Wednesday, September 5, 2012

Q & A on Supplements: Ask Away!

by Dr. Margaret Aranda

We are so pleased to bring Dr. Heidi McNulty in as a Power Girl for you!
She is President and Medical Director of Pure Bulk, which can be found at:  Pure Bulk Website.

Ask Away!


  1. Hello Dr. Aranda and now Dr. McNulty (excited to learn from you!),

    What supplements would you recommend to help improve one's concentration, focus, and cognitive function?

    Thank you for your input!

    Best Regards,


  2. Fondest Hellos, Hillary (nice to see you here),

    I'll tackle the medical aspect first, then Dr. McNulty will delve into the Supplements. Before committing to a Supplement, it is important to determine the "differential diagnosis".

    (Medical Disclaimer: Not intended as medical advice for any one patient. Please see your personal doctor to gain an individual plan and treatment.)

    For significant cognitive issues, an examination by a Neurologist could be indicated. Also, a Neuropsychological Assessment may be carried out to pinpoint deficits. This serves as a baseline value in time, as well as a characterization of issues besides memory. A fine grasp of the scope of this Assessment can be viewed here:

    Blood tests may include the B Vitamins, folate, a CBC, thryoid function tests, LH, FSH, estradiol, testosterone, growth hormone, and more. If a woman is hypothyroid or has other endocrine problems, these should be corrected.

    The National Institutes of Health has Clinical Trials to study The Effects of Aging and Estrogen on Cortical Function in Menopausal women. One such study can be found here:

    Seems like a lot of evaluation is indicated? You bet.
    Seems like the NIH is searching for answers? Indeed.

    We think you are worth it.

  3. Hillary, Thank you for asking! This is something that almost everyone is interested in!

    Diifferent supplements may be indicated for a given individual’s unique needs. However, there is something that is beneficial across a wide variety of conditions: Omega-3 Fatty Acids.

    Omega-3 Fatty Acids are essential fatty acids meaning they cannot be made by the body. Docosahexaenoic acid (DHA) and eicosapentanoic acid (EPA) are so critical for brain development that they are now added to infant formula. In adults DHA and EPA may help to protect against the cognitive effects of aging.

    Fish oil is the most abundantly available source of EPA and DHA. Commonly recommended servings sizes for DHA and EPA are 400 mg and 250 mg respectively. This is a good starting amount for most, although some people may need significantly more.

    Mazereeuw G, Lanctôt KL, Chau SA, Swardfager W, Herrmann N (2012). "Effects of omega-3 fatty acids on cognitive performance: a meta-analysis.". Neurobiol Aging 33 (7): e17-29. PMID 22305186

    *You must discuss supplementing with fish oil with your doctor if you have any bleeding tendency or if you are on blood thinners.

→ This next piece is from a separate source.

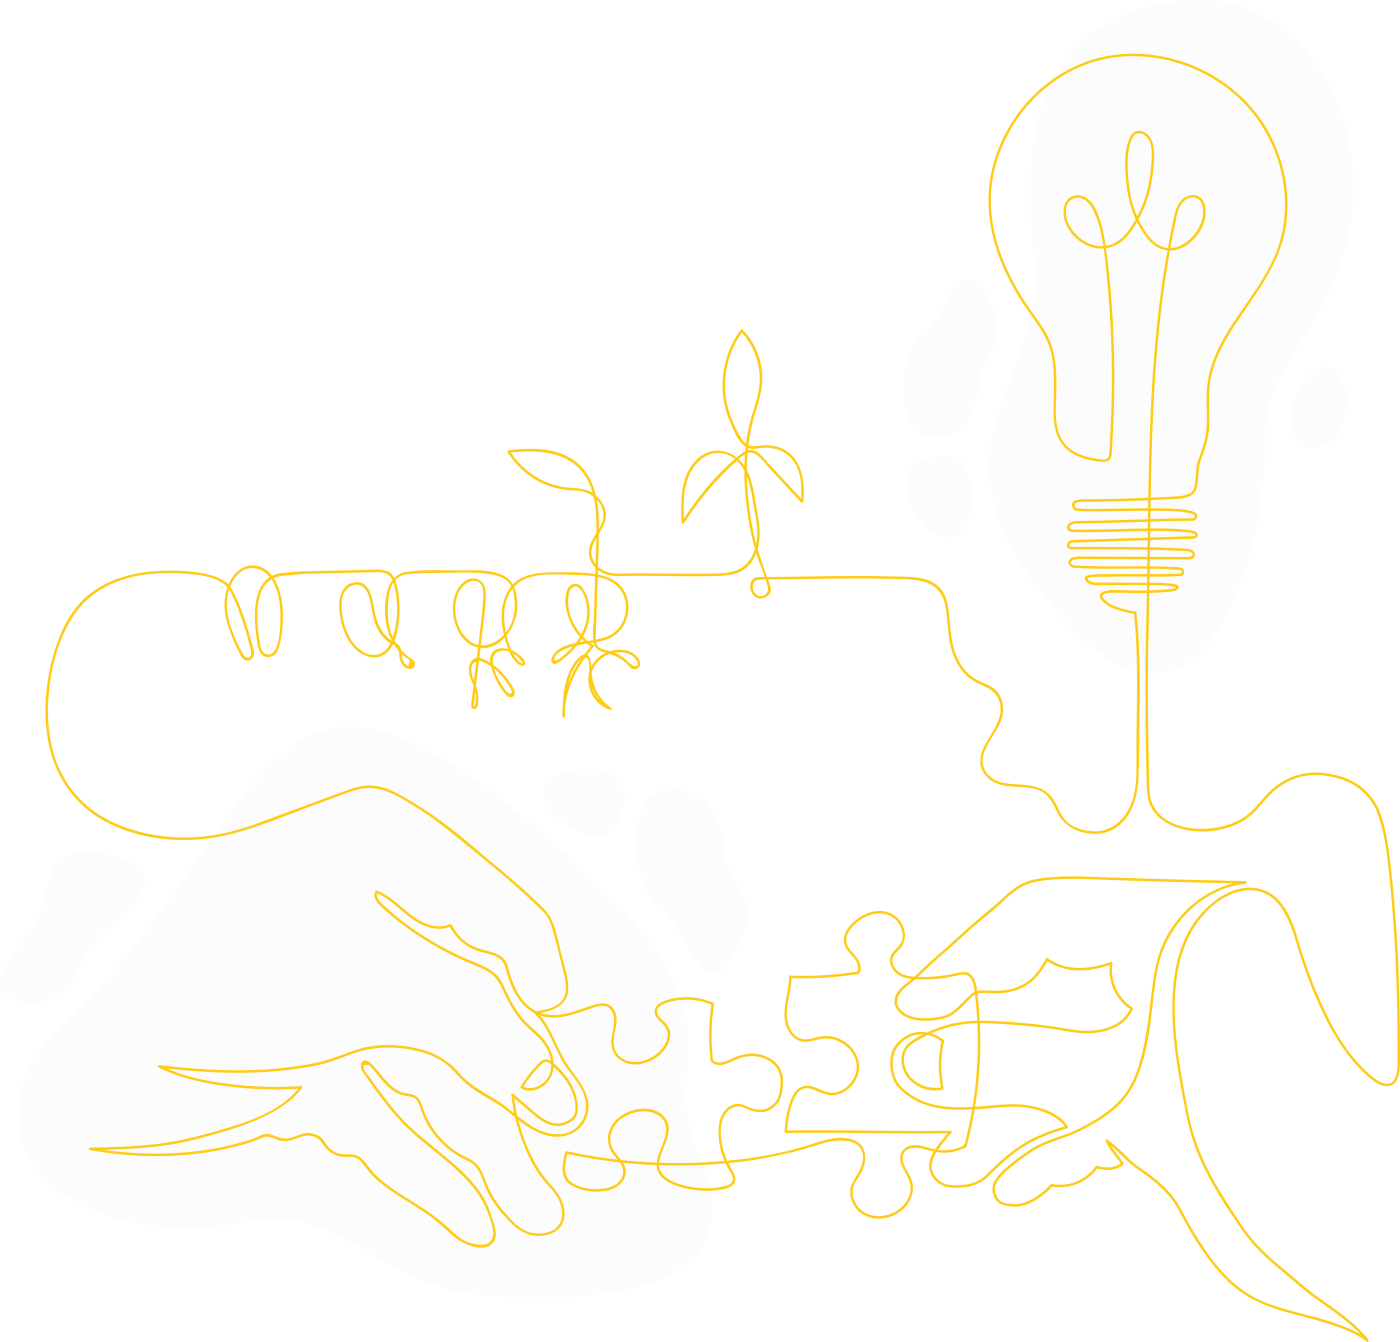 Linjeillustration bestående av två händer som håller i pusselbitar som växer till en ranka och slutar i en glödlampa.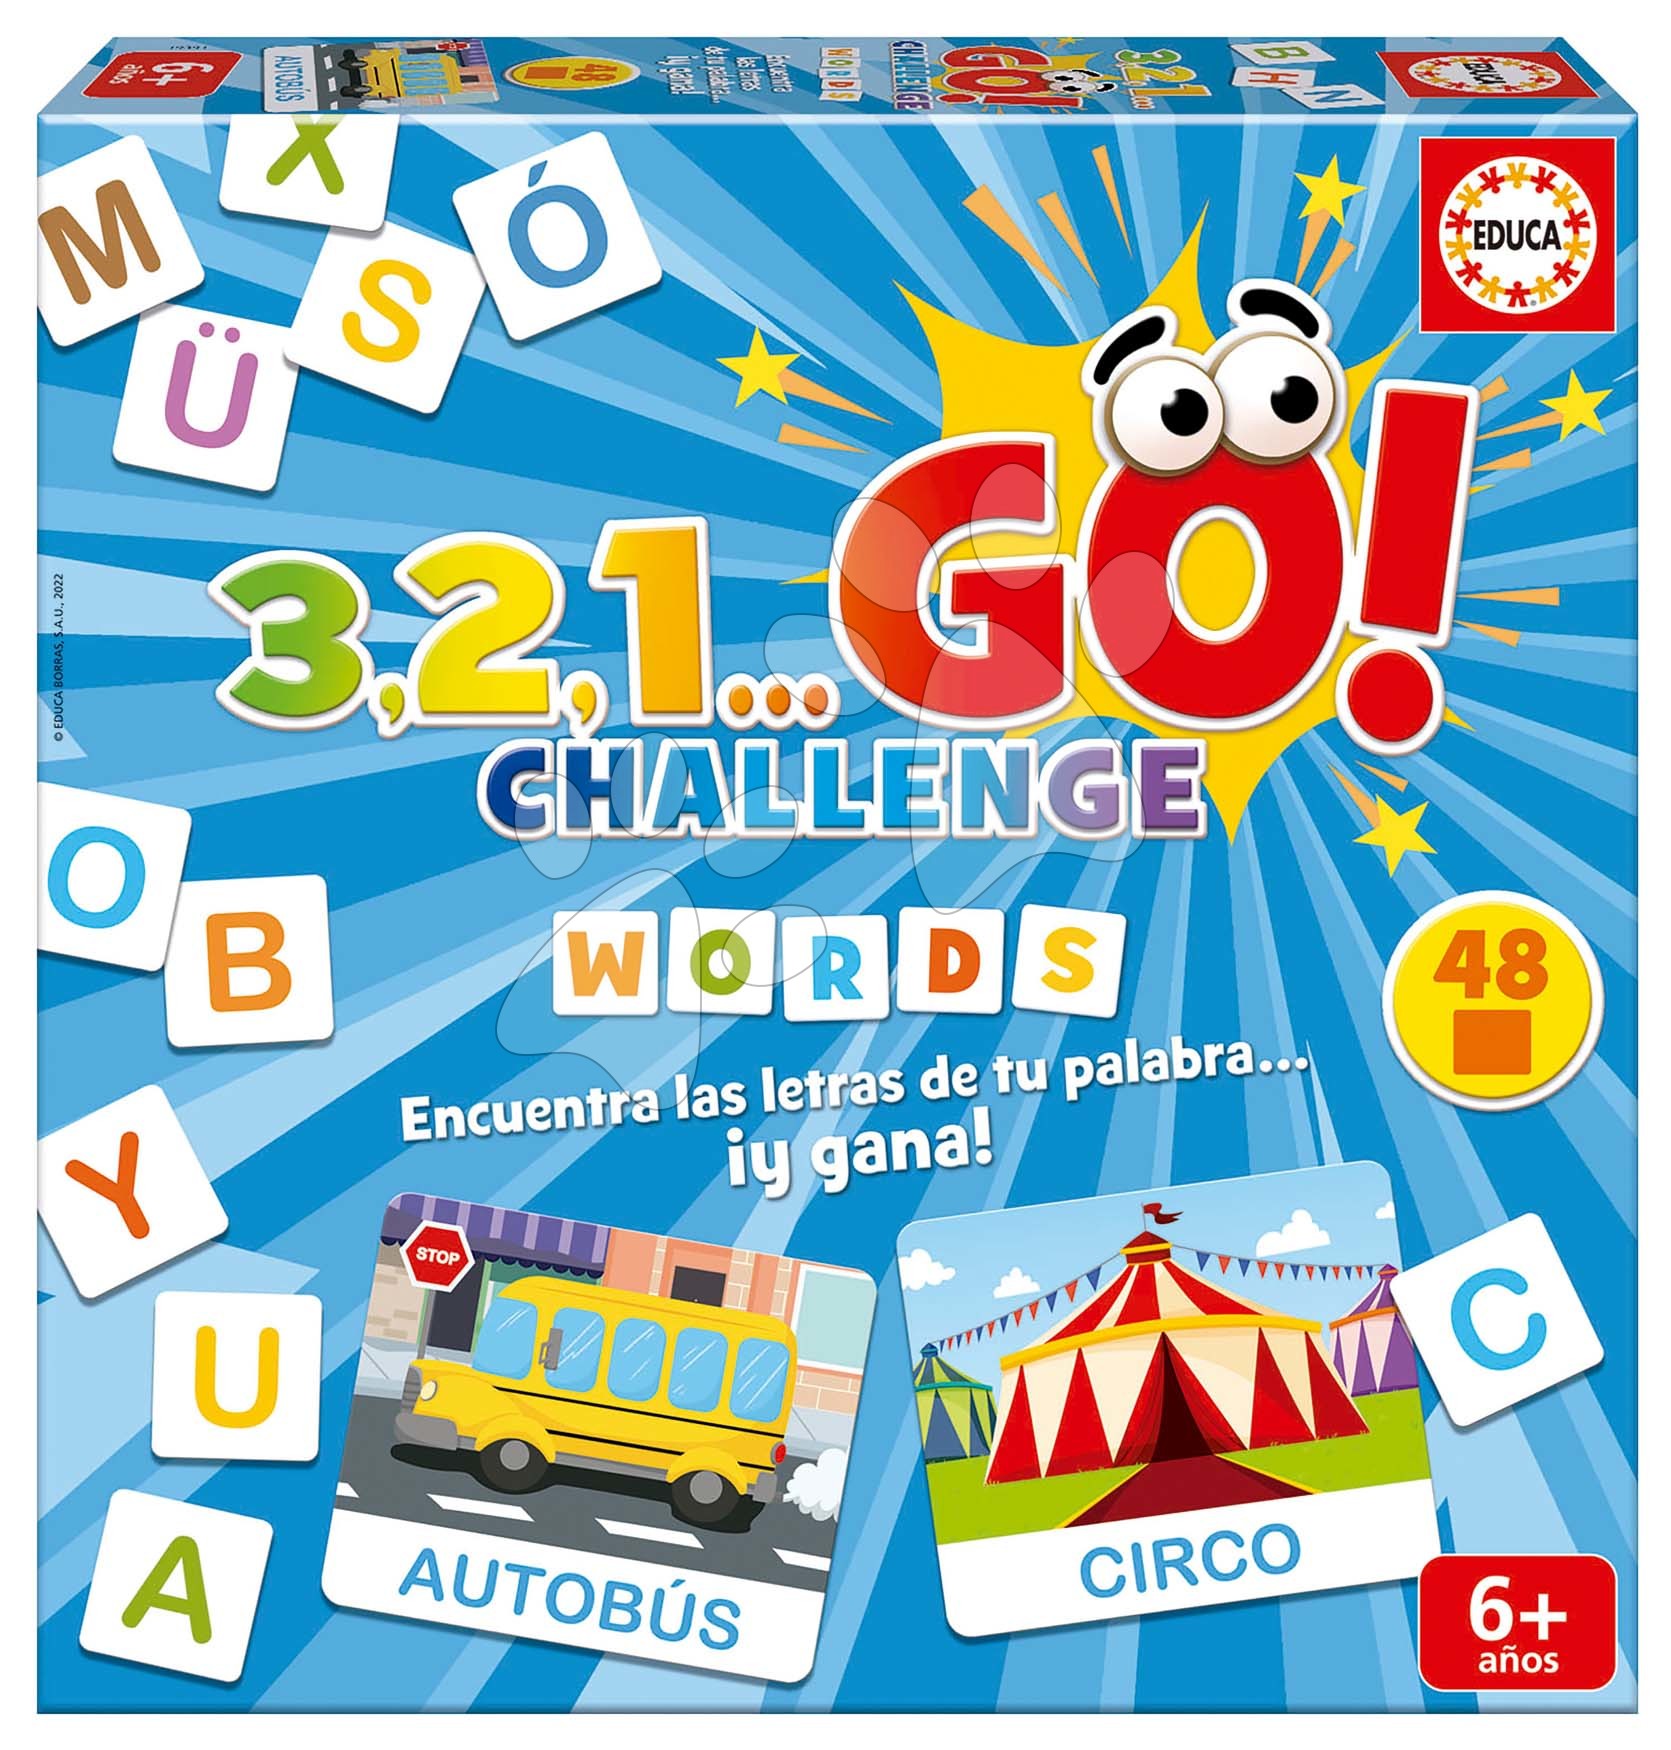 Společenská hra Slova 3,2,1... Go! Challenge Words Educa 48 slov 150 písmen španělsky od 6 let

  4. Thank you so much, Dr. Aranda and Dr. McNulty. I really appreciate your advice and feedback. I will implement these tips into my health regimen and let you know the results! Thank you both for your commitment to this site - it's so great to see women helping women stay healthy and empowered!

    Highest Regards,


  5. Please be sure to check with your doctor first, ok? We want to make sure your doctor is tuned in to this issue for your benefit, too.